*PROBLEM*
Set down every entry once more, exactly as it appears.
Segment Open
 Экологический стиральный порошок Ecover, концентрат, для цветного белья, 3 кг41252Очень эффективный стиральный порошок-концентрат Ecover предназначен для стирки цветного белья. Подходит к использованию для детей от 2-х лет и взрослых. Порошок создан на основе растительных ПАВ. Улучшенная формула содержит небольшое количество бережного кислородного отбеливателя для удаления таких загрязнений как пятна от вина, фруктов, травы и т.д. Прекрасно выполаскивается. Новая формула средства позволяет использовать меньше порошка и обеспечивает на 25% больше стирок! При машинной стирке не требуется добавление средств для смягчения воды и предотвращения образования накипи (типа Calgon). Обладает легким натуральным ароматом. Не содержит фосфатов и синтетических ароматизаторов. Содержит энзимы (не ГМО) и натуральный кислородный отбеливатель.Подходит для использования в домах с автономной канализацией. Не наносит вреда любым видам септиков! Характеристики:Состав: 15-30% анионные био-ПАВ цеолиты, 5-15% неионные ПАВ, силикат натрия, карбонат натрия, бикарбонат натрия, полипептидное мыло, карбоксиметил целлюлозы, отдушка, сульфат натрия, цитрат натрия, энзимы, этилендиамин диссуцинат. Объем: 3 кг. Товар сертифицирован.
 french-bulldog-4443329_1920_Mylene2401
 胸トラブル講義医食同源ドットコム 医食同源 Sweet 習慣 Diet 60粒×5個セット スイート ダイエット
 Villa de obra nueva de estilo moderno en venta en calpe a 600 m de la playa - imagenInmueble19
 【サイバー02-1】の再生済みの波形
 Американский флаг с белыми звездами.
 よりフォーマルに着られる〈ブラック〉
Segment Closed
*WRITTEN REPLY*
 Экологический стиральный порошок Ecover, концентрат, для цветного белья, 3 кг41252Очень эффективный стиральный порошок-концентрат Ecover предназначен для стирки цветного белья. Подходит к использованию для детей от 2-х лет и взрослых. Порошок создан на основе растительных ПАВ. Улучшенная формула содержит небольшое количество бережного кислородного отбеливателя для удаления таких загрязнений как пятна от вина, фруктов, травы и т.д. Прекрасно выполаскивается. Новая формула средства позволяет использовать меньше порошка и обеспечивает на 25% больше стирок! При машинной стирке не требуется добавление средств для смягчения воды и предотвращения образования накипи (типа Calgon). Обладает легким натуральным ароматом. Не содержит фосфатов и синтетических ароматизаторов. Содержит энзимы (не ГМО) и натуральный кислородный отбеливатель.Подходит для использования в домах с автономной канализацией. Не наносит вреда любым видам септиков! Характеристики:Состав: 15-30% анионные био-ПАВ цеолиты, 5-15% неионные ПАВ, силикат натрия, карбонат натрия, бикарбонат натрия, полипептидное мыло, карбоксиметил целлюлозы, отдушка, сульфат натрия, цитрат натрия, энзимы, этилендиамин диссуцинат. Объем: 3 кг. Товар сертифицирован.
 french-bulldog-4443329_1920_Mylene2401
 胸トラブル講義医食同源ドットコム 医食同源 Sweet 習慣 Diet 60粒×5個セット スイート ダイエット
 Villa de obra nueva de estilo moderno en venta en calpe a 600 m de la playa - imagenInmueble19
 【サイバー02-1】の再生済みの波形
 Американский флаг с белыми звездами.
 よりフォーマルに着られる〈ブラック〉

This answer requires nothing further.